Keymed Biosciences' Stapokibart Approved for Seasonal Allergic Rhinitis

In a significant development in the field of allergy treatment, KeyMed Biosciences (HKEX: 02162), based in CHENGDU, China, has announced that the National Medical Products Administration (NMPA) of China has approved the supplemental New Drug Application (sNDA) for Stapokibart, also known by its trade name Kangyueda (康悦达). This innovative anti-IL-4Rα monoclonal antibody is now authorized for the treatment of seasonal allergic rhinitis, a condition characterized by severe nasal symptoms due to allergens like pollen.

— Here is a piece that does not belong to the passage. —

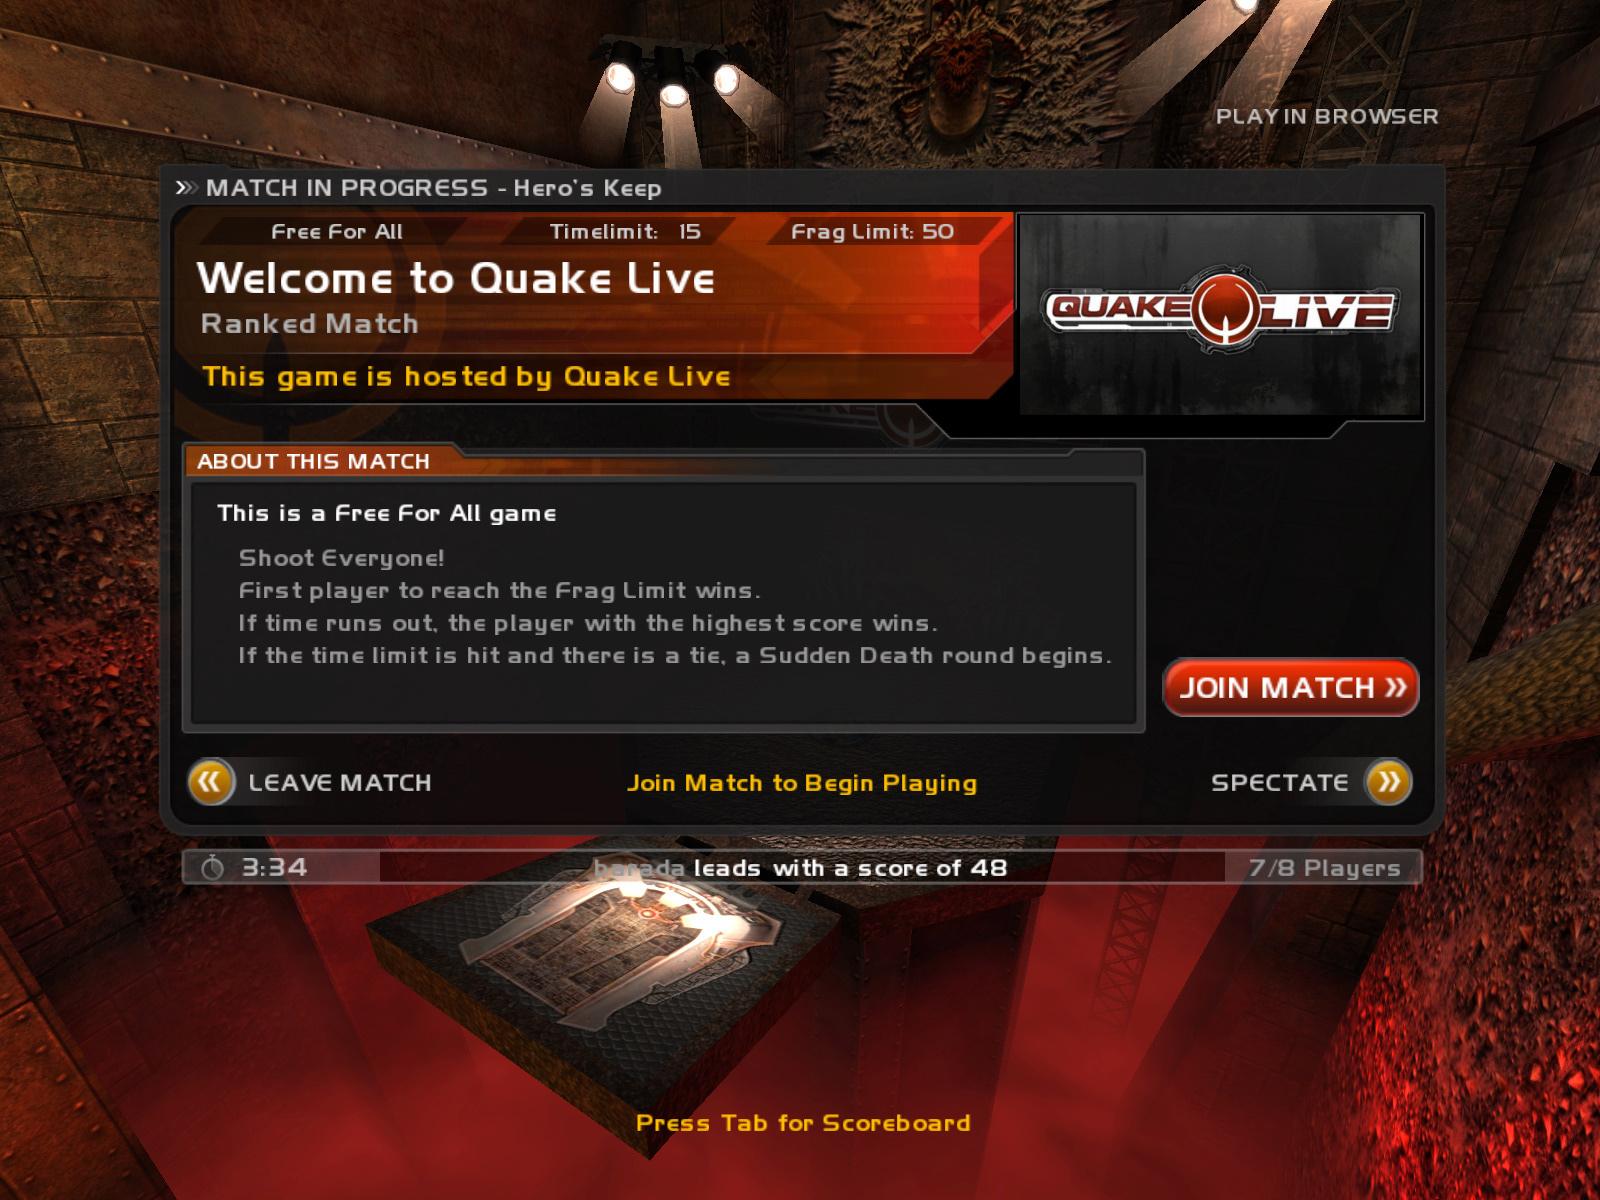 worldfungamesru_QuakeLive6

This approval follows a comprehensive multi-center, randomized, double-blind, placebo-controlled phase III clinical study. The trial was designed to evaluate the efficacy and safety of Stapokibart injections in adults suffering from seasonal allergic rhinitis who have not responded adequately to nasal corticosteroids or other therapeutic measures. The results of the study were compelling, showing that Stapokibart, when administered over a two-week period, significantly mitigated nasal allergy symptoms such as runny nose, congestion, itching, and sneezing during the pollen season. This was in comparison to a control group receiving standard treatment with nasal spray hormones and antihistamines.

The clinical trial revealed a least-squares mean (LSMean) inter-group difference of -1.3, with a 95% confidence interval of -1.3, reflecting a highly significant statistical distinction (P = 0.0008). This outcome exceeds the minimal clinically important difference (MCID) of 0.23, underscoring the substantial clinical benefits of the drug. Additionally, Stapokibart was shown to alleviate ocular symptoms associated with allergies, such as itching or burning of the eyes, tearing, and redness, thus improving the overall quality of life for patients. The safety profile of Stapokibart was also affirmed, making it a promising option for individuals with seasonal allergic rhinitis.

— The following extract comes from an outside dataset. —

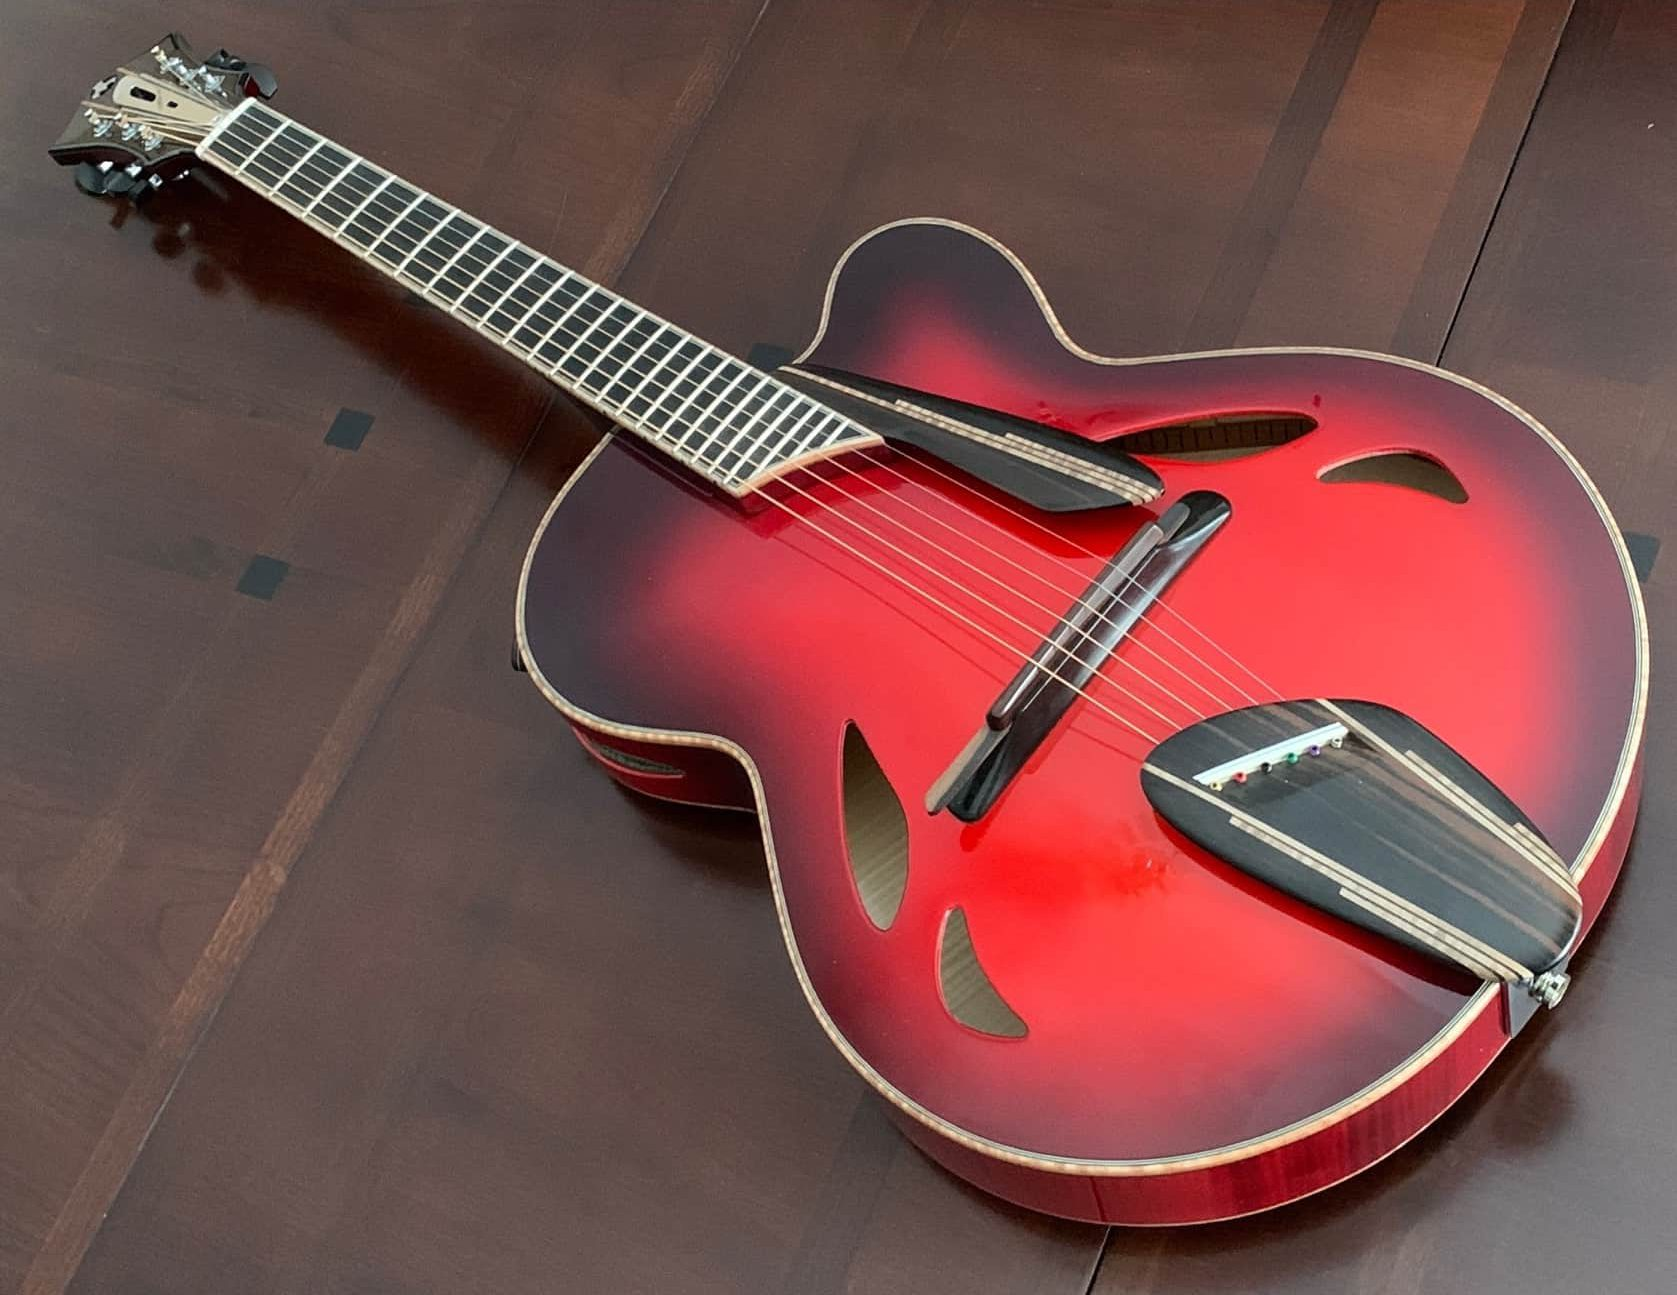 Mirbella Red Crossfire Guitar

Stapokibart operates by targeting the interleukin-4 receptor alpha subunit (IL-4Rα). It is the first domestically produced IL-4Rα antibody drug in China to receive marketing authorization from the NMPA. By blocking IL-4Rα, Stapokibart effectively inhibits both interleukin-4 (IL-4) and interleukin-13 (IL-13) signaling pathways, which are pivotal in initiating type II inflammation. Previous clinical trials have already demonstrated the drug's safety and effectiveness across various indications, including moderate-to-severe atopic dermatitis in adults and chronic rhinosinusitis with nasal polyposis, for which it received marketing approval in September 2024 and December 2024, respectively.

KeyMed Biosciences Inc. has established its reputation by addressing unmet clinical needs with innovative and affordable therapies in both domestic and international markets. Founded by experts with vast experience in translating scientific research into commercial success, KeyMed continues to advance medical treatments that significantly impact patient care.

The recent approval of Stapokibart marks another milestone for KeyMed Biosciences, reinforcing its commitment to enhancing patient outcomes through cutting-edge biotechnology solutions. This significant achievement not only broadens the therapeutic options available for individuals with seasonal allergic rhinitis but also emphasizes KeyMed's role as a leader in the biopharmaceutical industry.